## Information provided
^^^^^^^^^^^^^^^^

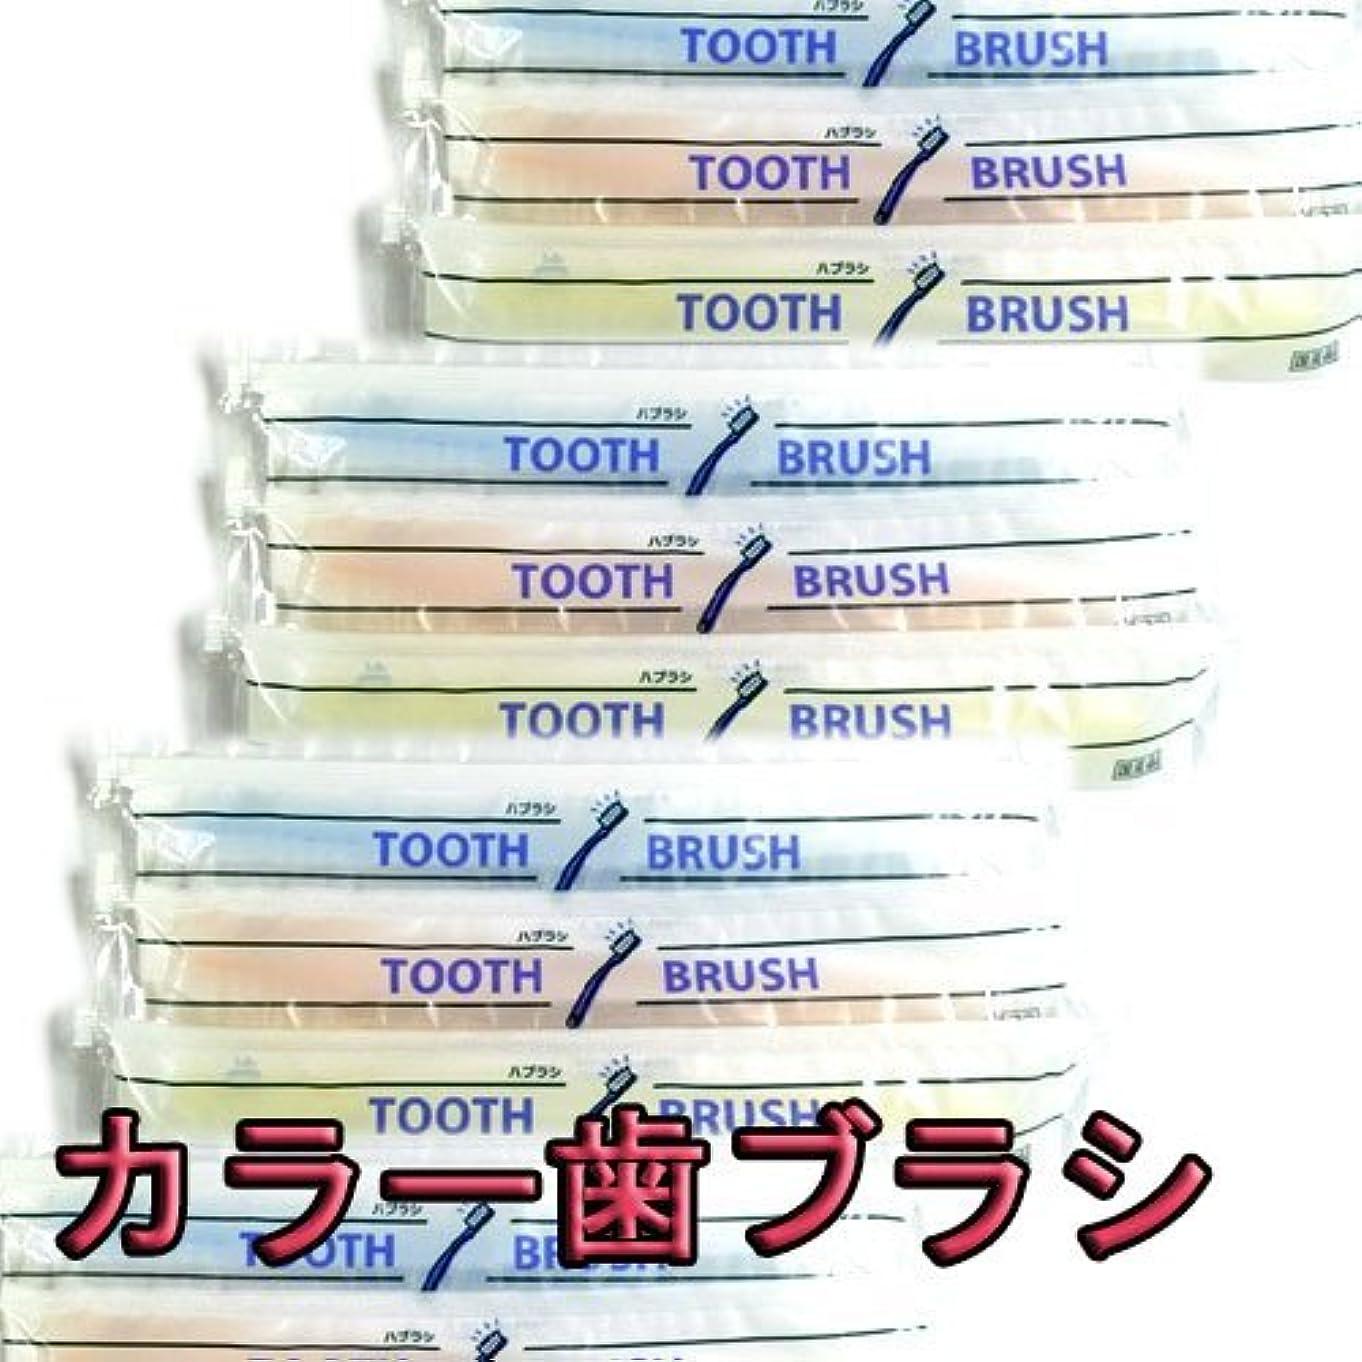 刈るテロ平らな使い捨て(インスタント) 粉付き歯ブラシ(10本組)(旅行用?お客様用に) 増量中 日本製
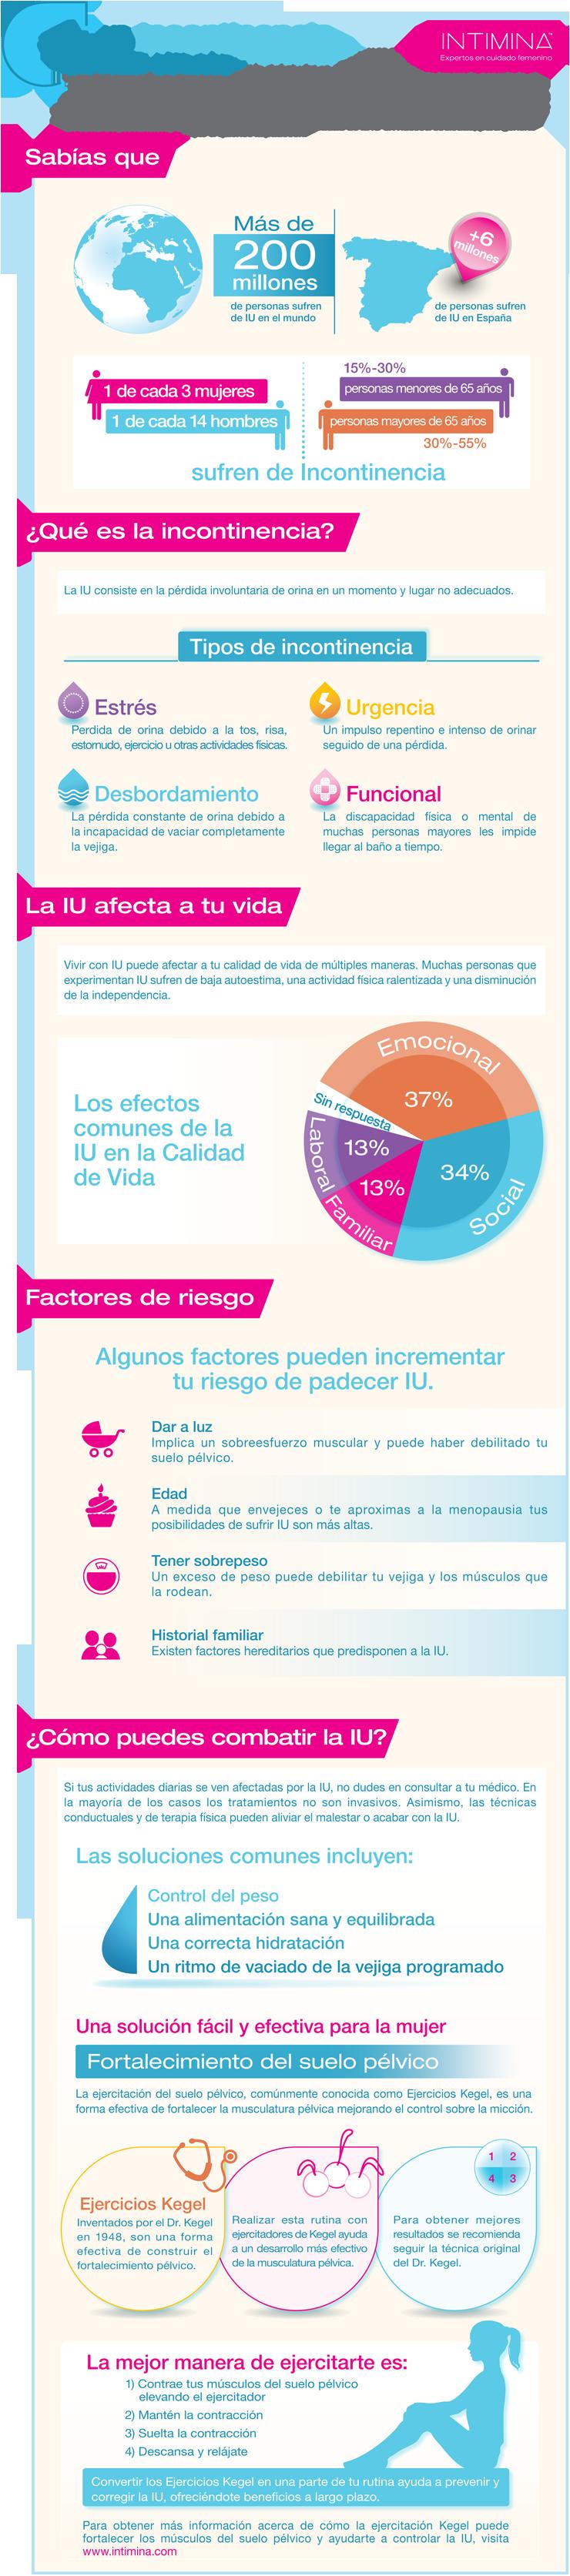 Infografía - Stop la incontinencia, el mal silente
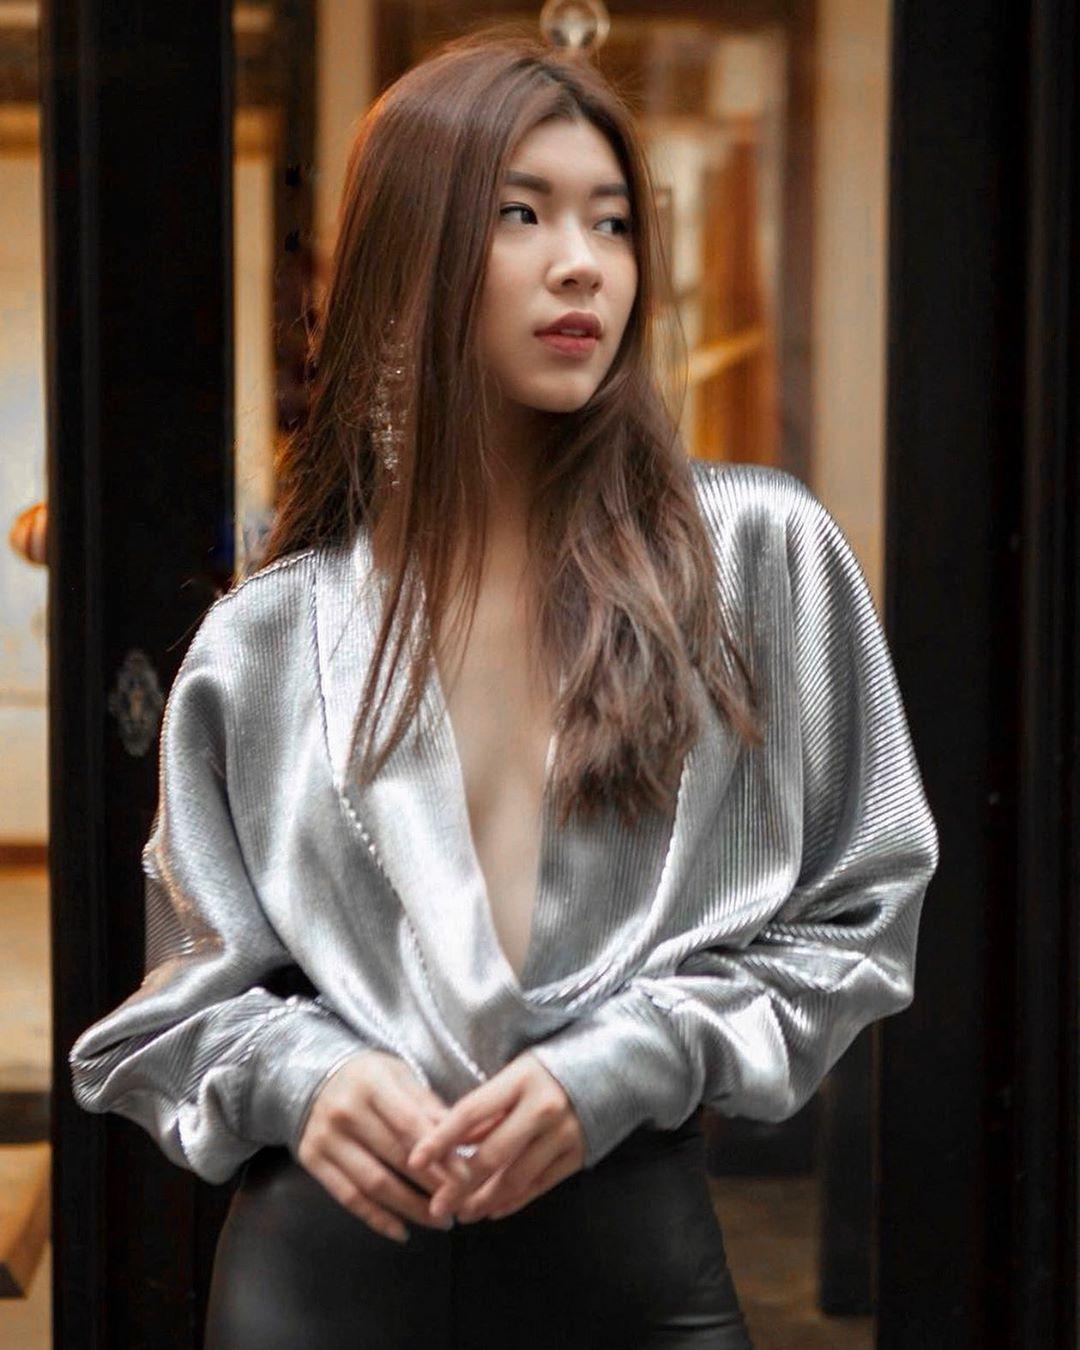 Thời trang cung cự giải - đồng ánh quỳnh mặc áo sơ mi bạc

^^^^^^^^^^^^^^^^

## Assignment
For this exercise, retype exactly, and only, the lines from the line with "Infografía - Stop" through the last line of the material above, both included. Pictures stay out.

## Exercise output
 Infografía - Stop la incontinencia, el mal silente
 Thời trang cung cự giải - đồng ánh quỳnh mặc áo sơ mi bạc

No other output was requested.